The AGIA legislation did not guarantee that a pipeline would ever be built, but it did give the winning company access to $500 million from Alaskan taxpayers. This is money that TransCanada will use to promote an unique legal theory to get a proposed pipeline through US and Canadian regulations and application processes.
Naturally, the Alaskans in favor of the "All-Alaskan" route felt a bit betrayed by Governor Palin, but this was business and the Alberta tar sands needed the gas. During the fight to push through her AGIA legislation one of Governor Palin’s key supporters in the Alaskan House, Rep. Carl Gatto, explained why the TransCanada deal had to be approved (emphasis added):
TransCanada tells us it has all the permits required to build in Canada. Is that important? It's invaluable. The pipeline route goes through First Nations Property. Without current permits it would take some time (if not forever) to obtain them. I recall the lengthy legal process to build the Alaska pipeline across Alaska Native lands. Likewise, in Canada it's nearly impossible to cross First Nations, unless you already have the permits. TransCanada has legal access.
Canadian petroleum production is regulated by the National Energy Board while in the USA it is the Federal Energy Regulatory Commission. Both governments eagerly await a pipeline. Canada needs Alaska gas in Alberta to produce oil from the Alberta Tar Sands. The tar sands hold more oil than Saudi Arabia. Alaska needs a pipeline for scores of reasons known for years: regional economies, local/national market demands, contribution to U.S. energy independence, and contending with the exorbitant cost of energy in Alaska. For both Alaska and Canada, the Alaska-Canada gas pipeline is a natural marriage.
Once the deal was pushed through, Wally Hickel a former Governor of Alaska condemned the diversion of gas to the tar sands and punctured the "lie" that the gas was needed in the Lower 48 (emphasis added):
This was a terrible blunder. There are not many Alaskans who believe that a Canadian company will do a better job than we would in looking out for Alaska's interests. At a time of high energy costs in Alaska and a national economy threatened with recession, we need action. This decision will only cause delay. [snip]
It's time our leaders admitted that the South 48 doesn't need Alaska gas. As the Wall Street Journal reported earlier this month, thousands of wells are being drilled in Texas, Louisiana and Oklahoma, and analysts are talking about a "gas glut."

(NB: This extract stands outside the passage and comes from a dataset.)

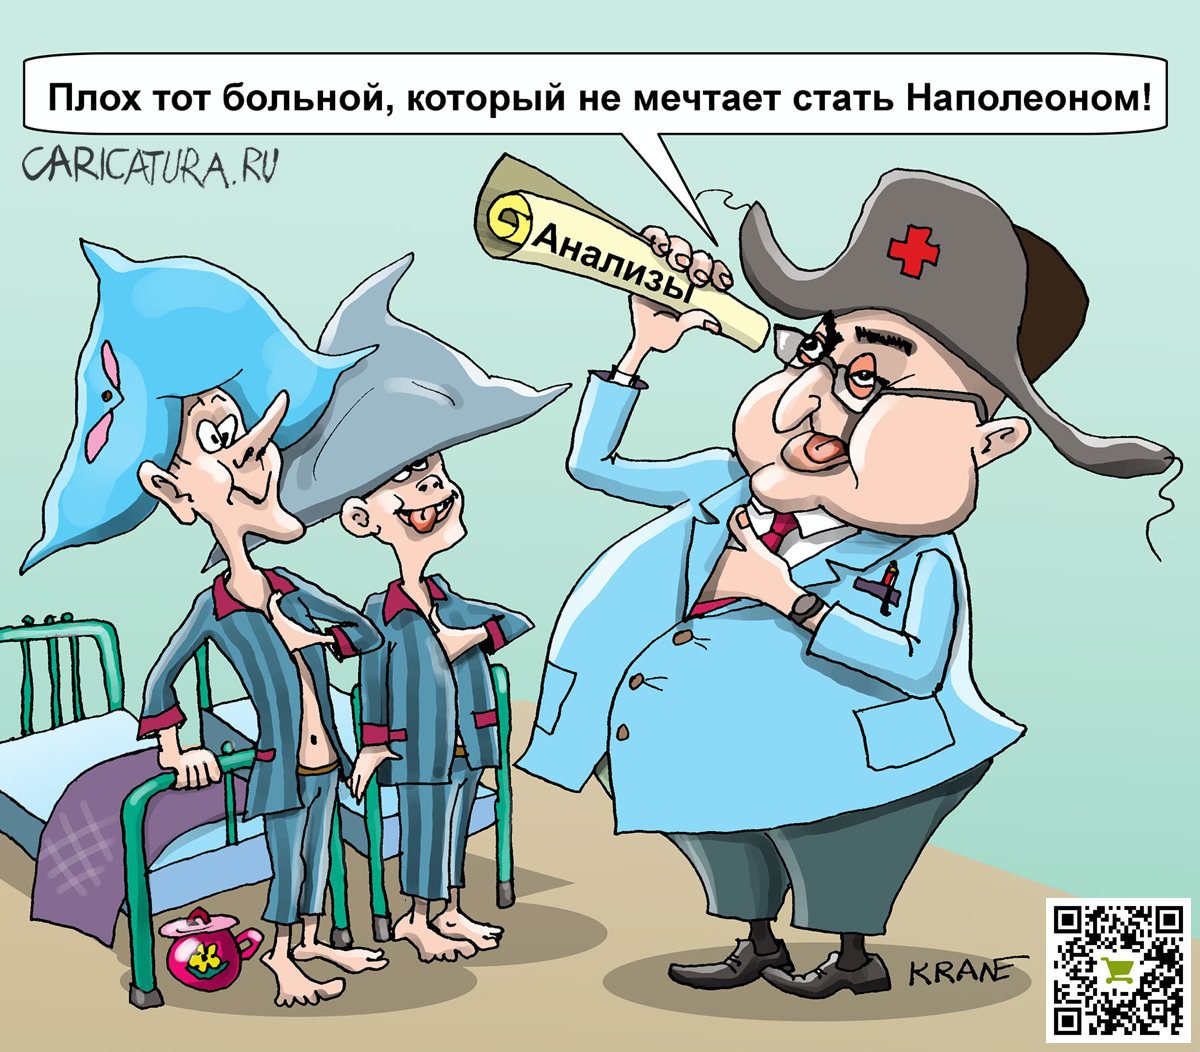 Карикатура "Странные люди или когда "не все дома"", Евгений Кран

And they need to be honest that the motivation for a Canadian line is not to get Alaska gas to America after all. The oil producers want to use our gas to heat up the Alberta tar sands to produce crude oil, an environmental disaster in the making.
It may take a future governor and a future Legislature to wake up to reality.
Meanwhile, the oil and gas companies with leases to extract oil and gas from Alaska have decided to build their own pipeline at the same time. It is the Denali Pipeline. So naturally this would seem to put Governor Palin and the Oil companies at odds, but not really. A closer examination reveals that the two pipelines are working in tandem and that the projects will be merged when the time is right and regulations to protect the environment and indigenous communities have been bypassed through a loophole exploited by Palin’s Pipeline and paid for by Alaskan taxpayers.
It is a curious thing that both the TransCanada Pipeline and the Denali Pipeline both follow basically the same route. Neither proposed pipeline is designed to primarily deliver gas to the Lower 48. Both will terminate approximately in Boundary Lake, Alberta. From there, the gas might be pumped though some yet to be built pipelines connecting the Alaskan gas to the Lower 48. And if it did, then the pipelines would deliver a tiny amount of "clean" energy to the Lower 48. That "if" is a mighty big "if". Far more likely is moving gas to the tar sands through other pipelines that TransCanada is currently building. These two proposed pipelines overlap because they each serve a temporary purpose.
The Denali Pipeline is the one that is actually being planned and funded for construction. It is getting ready to go, but it has a regulatory problem. The route the pipeline will have to travel—as noted by Rep. Gatto—crosses land controlled by the indigenous peoples of Canada. The Denali Pipeline would have to get approval from the First Peoples of Canada and meet strict environmental regulations in the US and Canada.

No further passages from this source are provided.